* PROBLEM TO WORK ON *
All of the data that follows should be given again exactly, without its images.

+++ COLLECTED MATERIAL

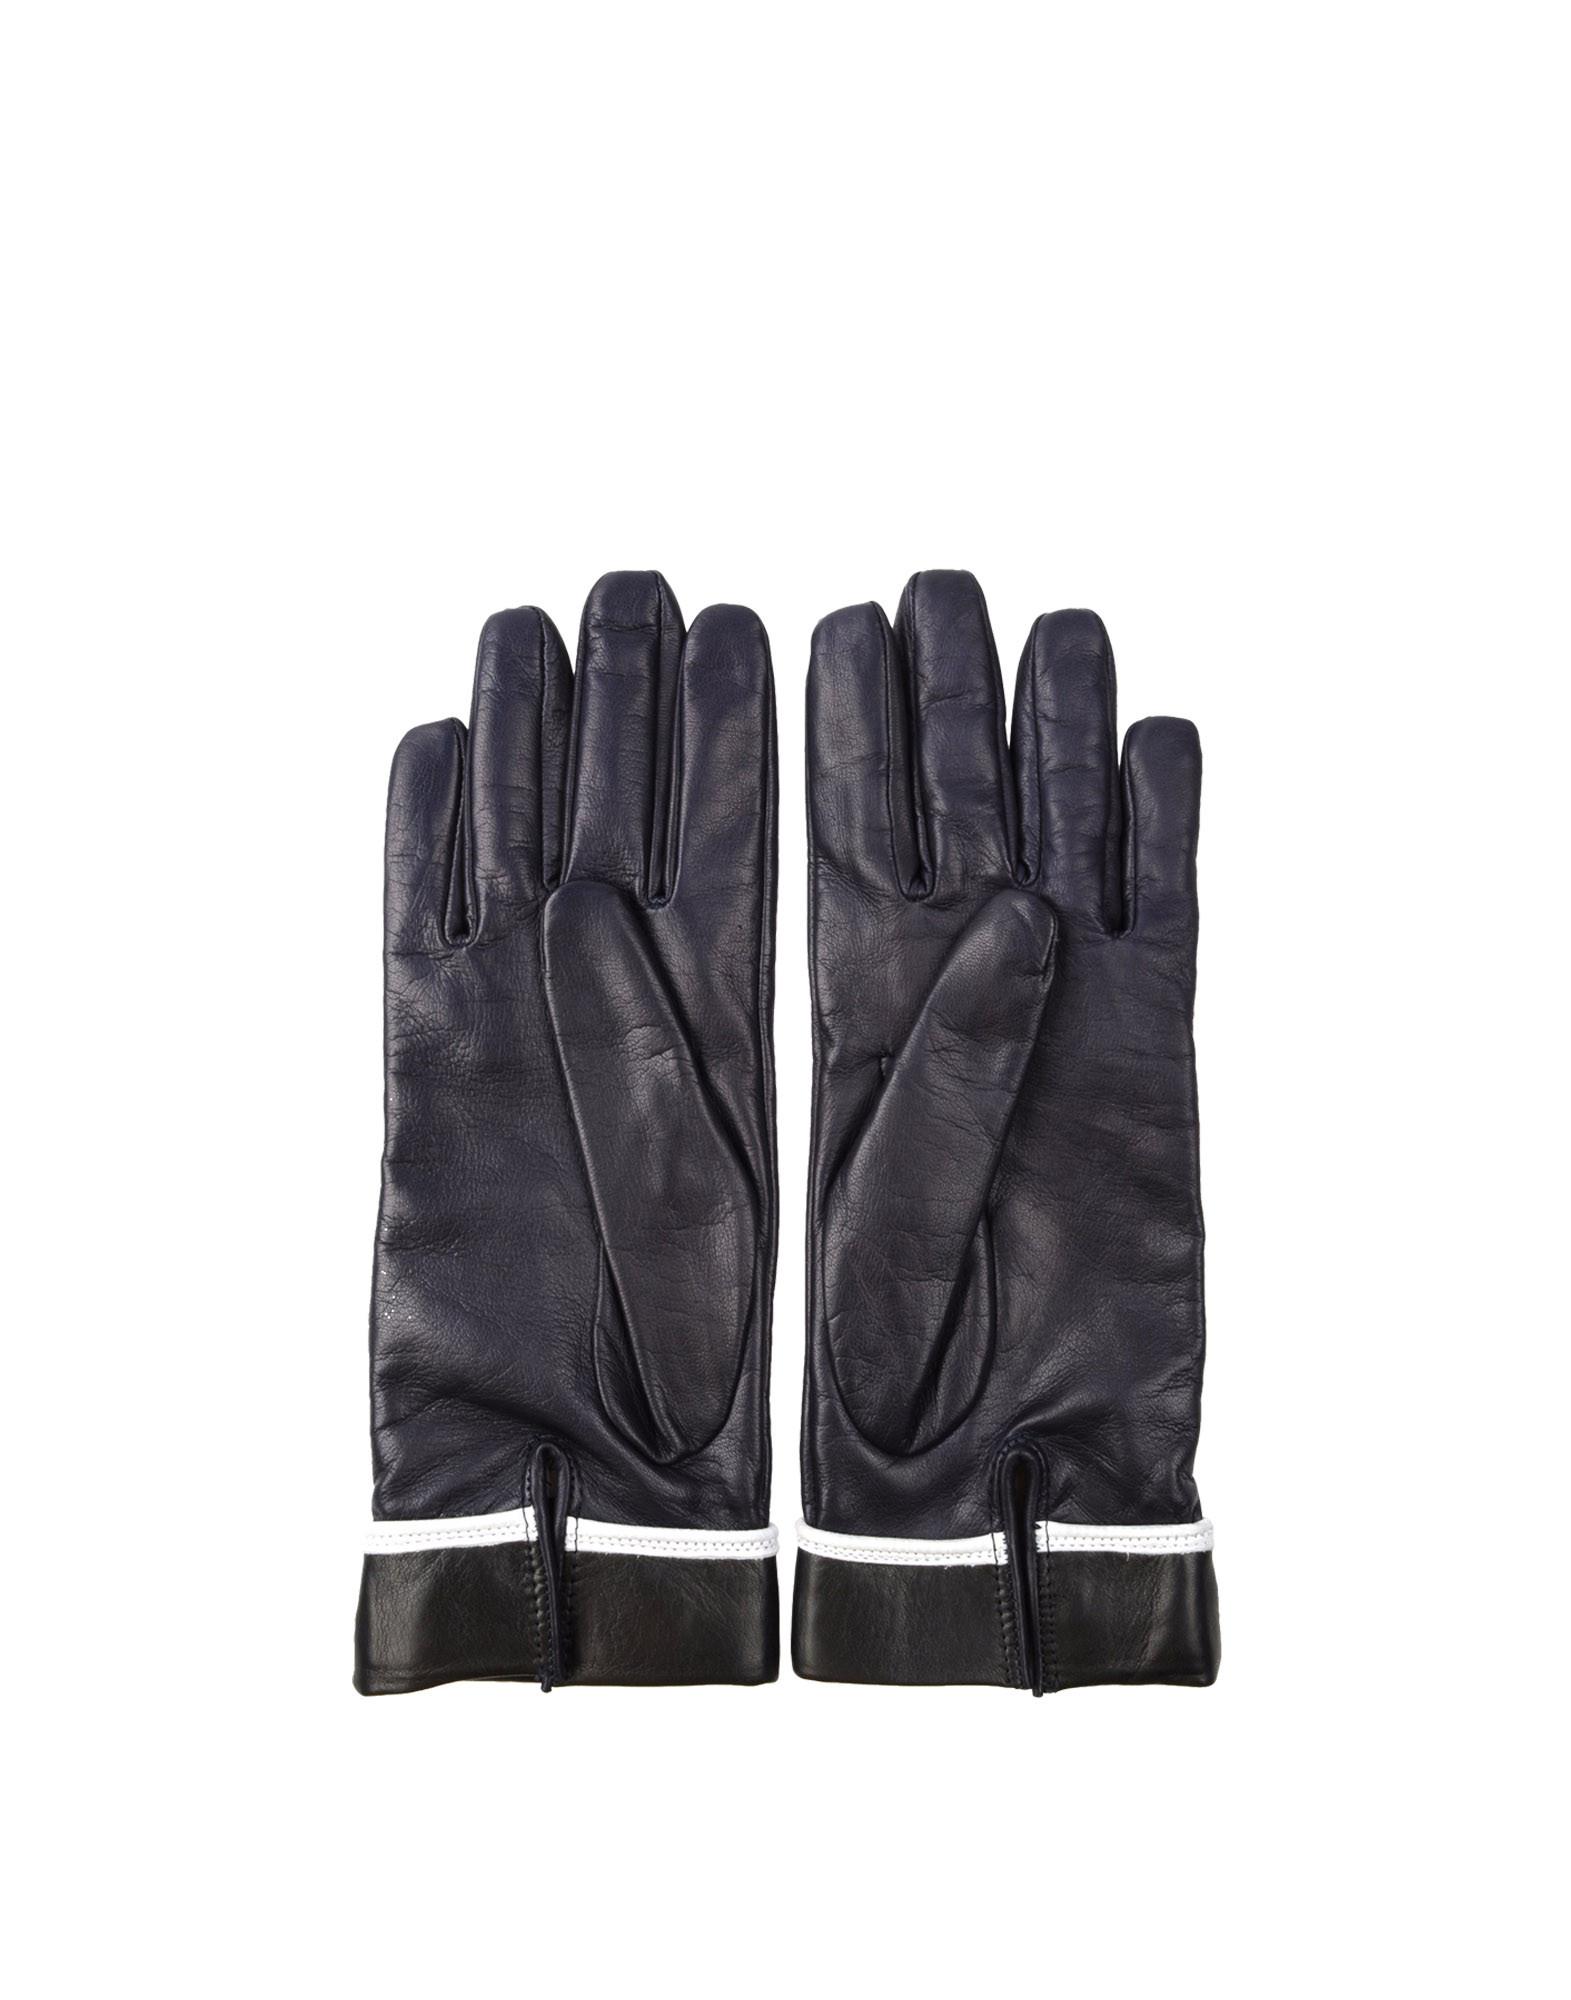 Gloves - JIL SANDER NAVY Online Store
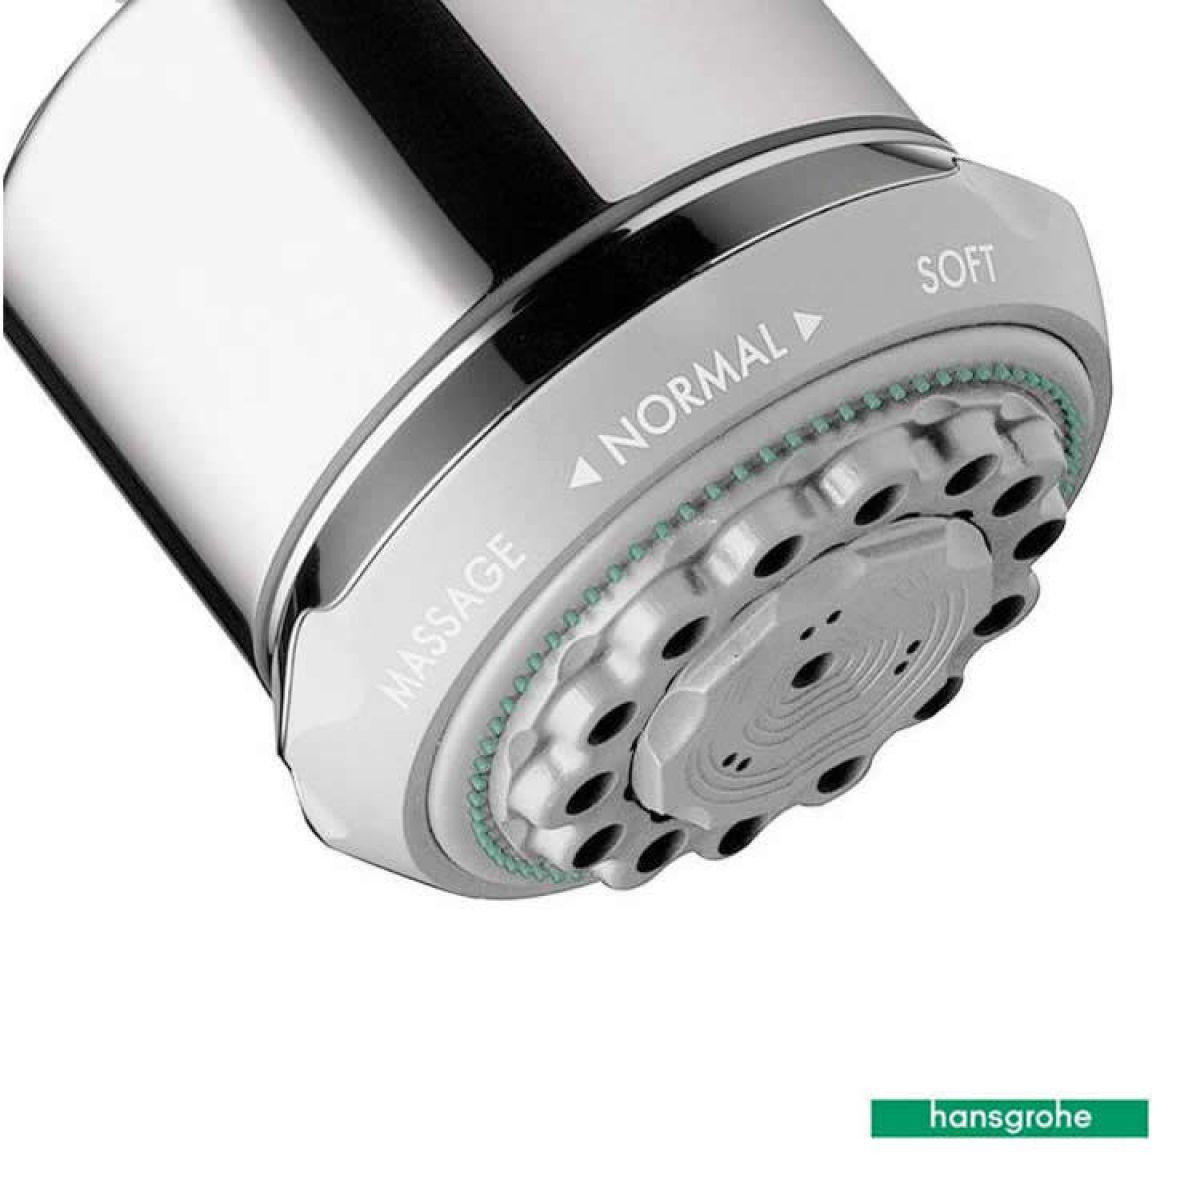 Hansgrohe Clubmaster Kiwa Shower Head - Shower Designs
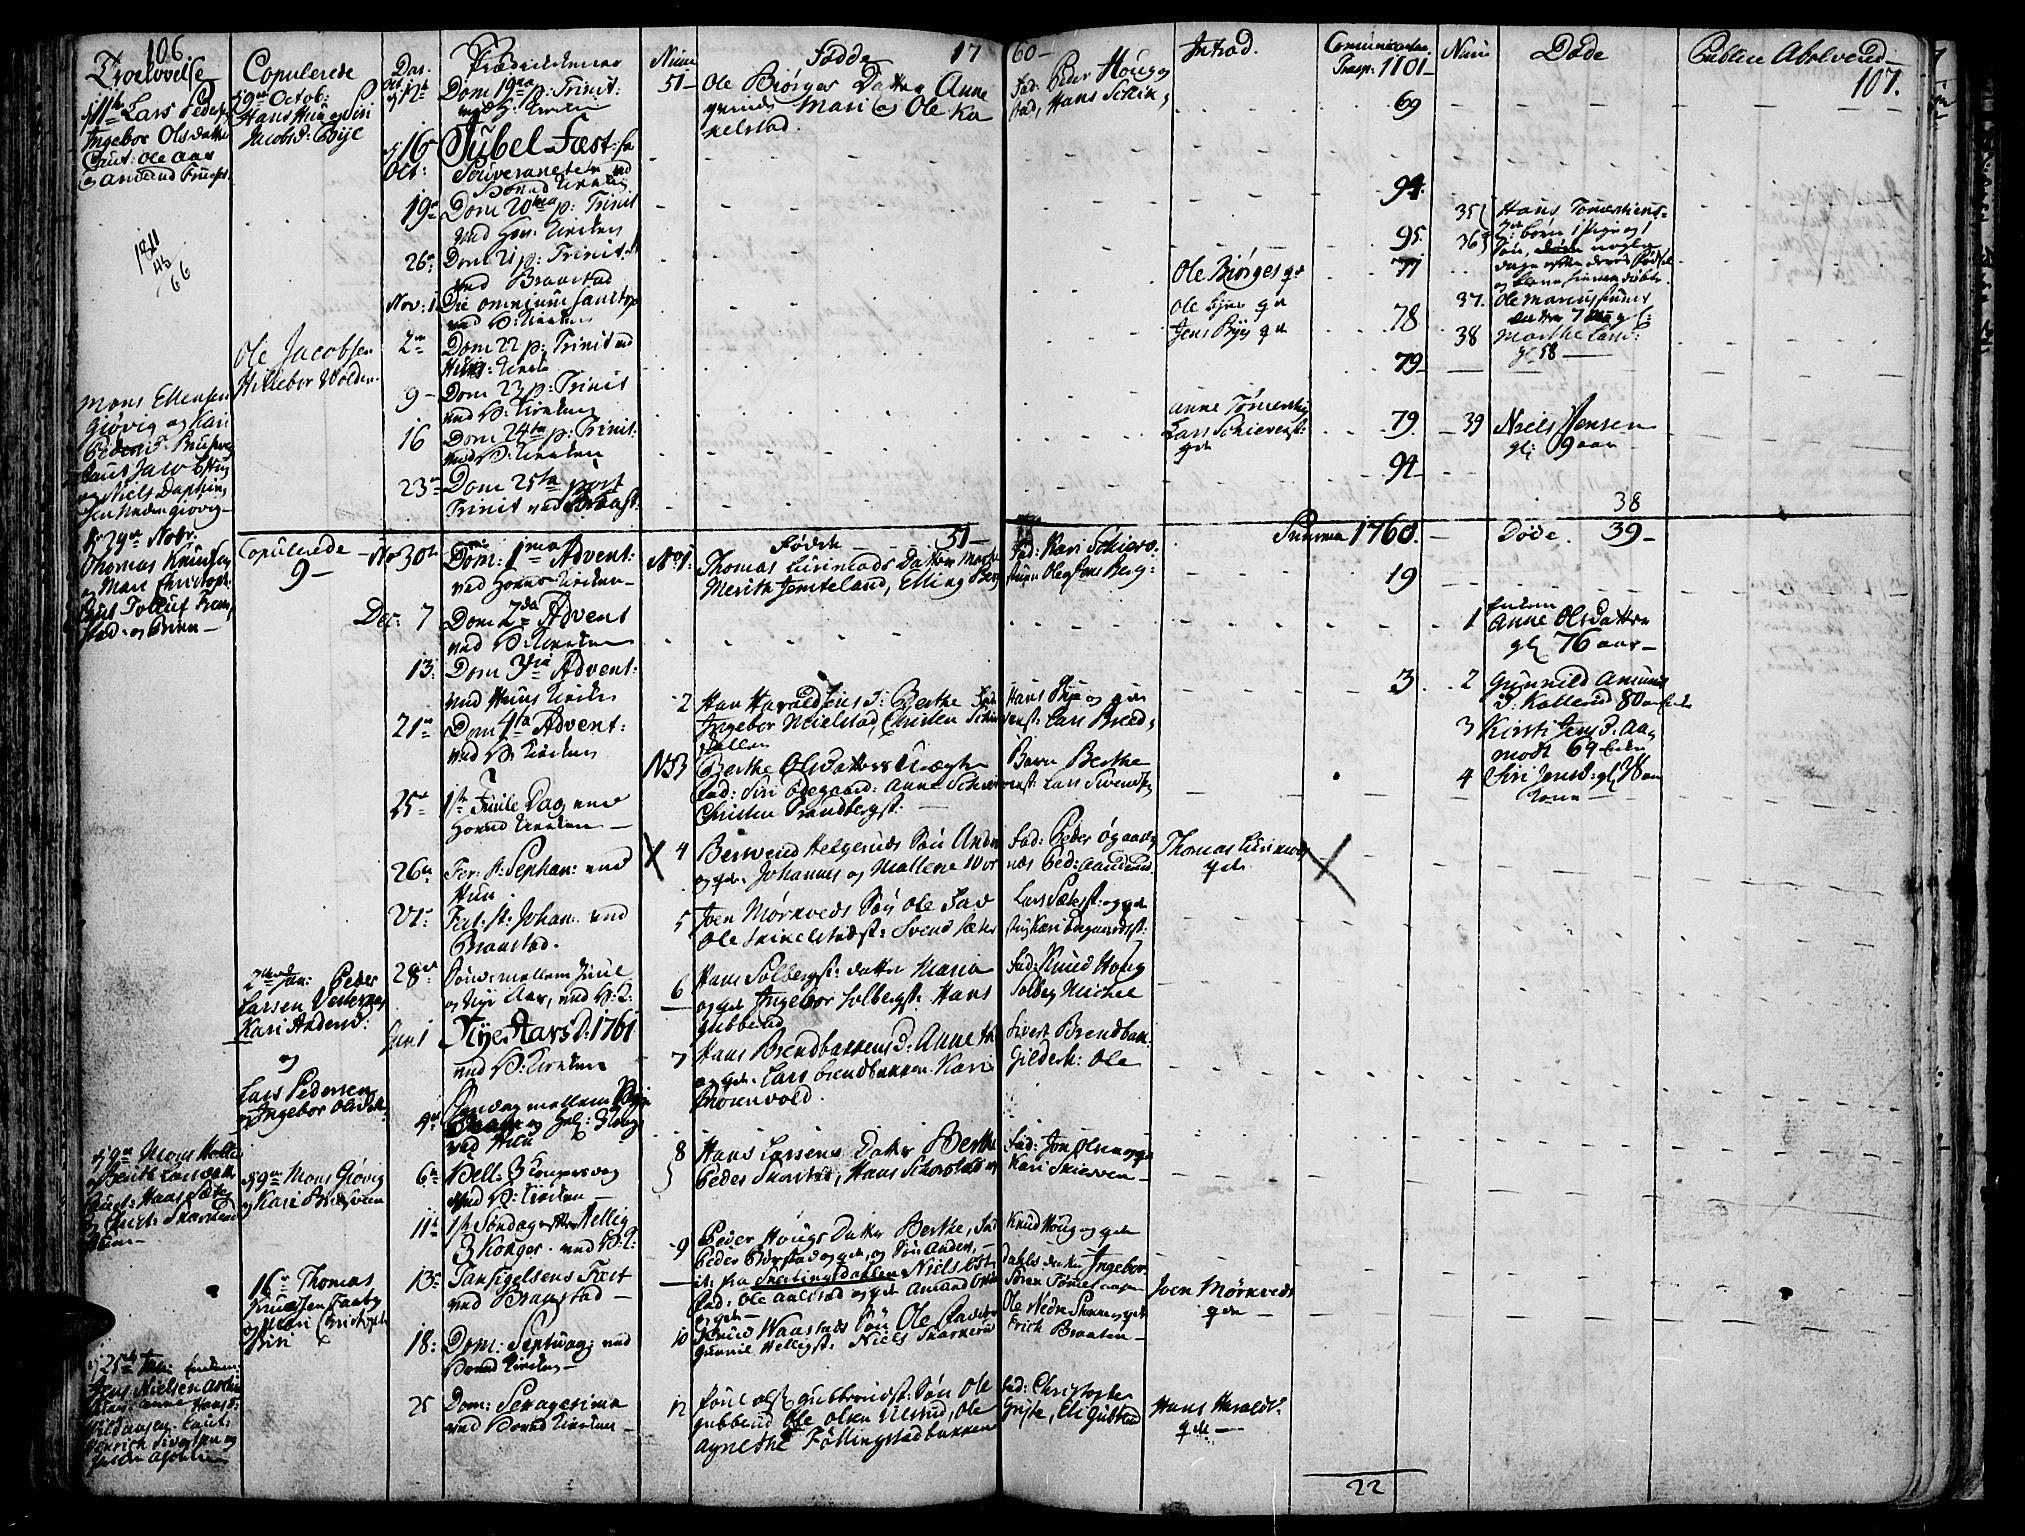 SAH, Vardal prestekontor, H/Ha/Haa/L0002: Ministerialbok nr. 2, 1748-1776, s. 106-107
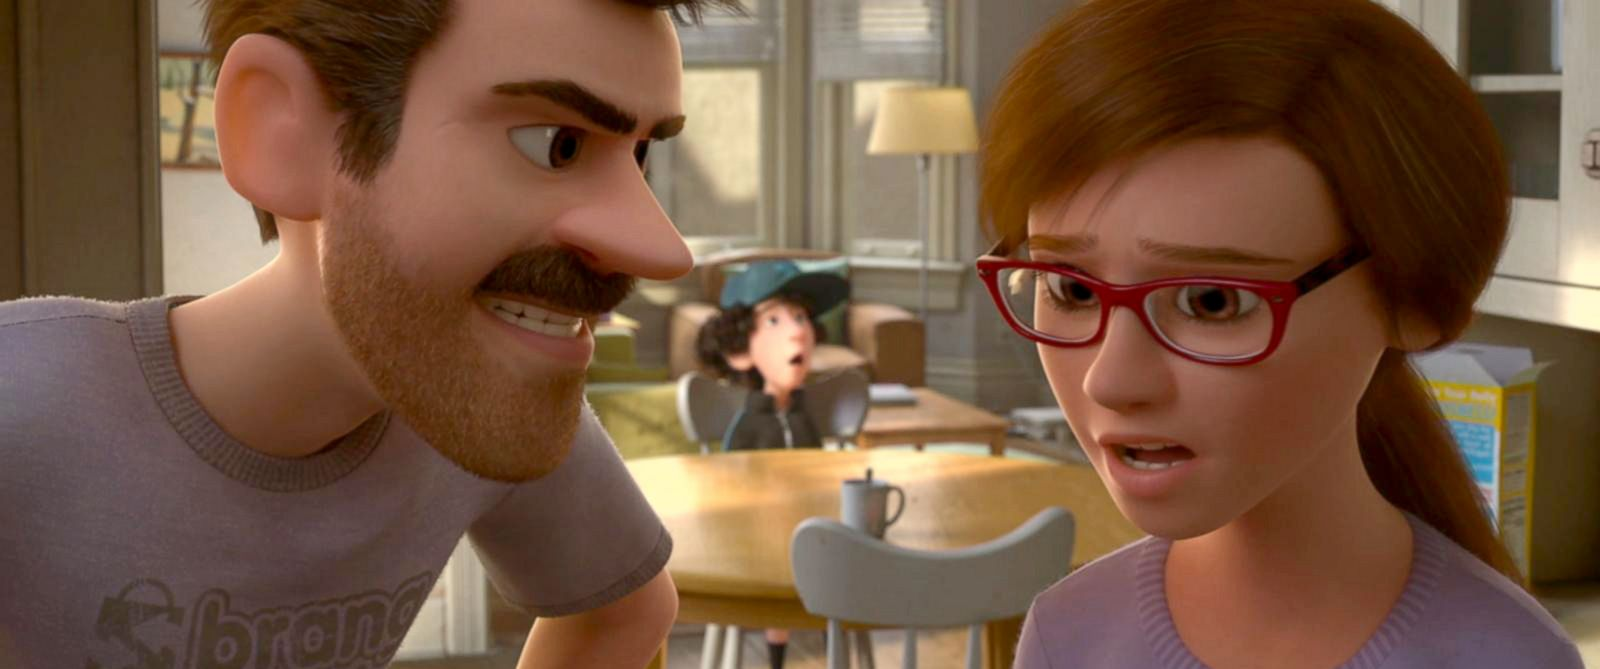 PHOTO: Heres an exclusive sneak peek at Disney-Pixars new animated short film, Rileys First Date.

++++++

* REPLY *
 Gloves - JIL SANDER NAVY Online Store
 Hansgrohe Clubmaster Kiwa Shower Head - Shower Designs
 SAH, Vardal prestekontor, H/Ha/Haa/L0002: Ministerialbok nr. 2, 1748-1776, s. 106-107
 PHOTO: Heres an exclusive sneak peek at Disney-Pixars new animated short film, Rileys First Date.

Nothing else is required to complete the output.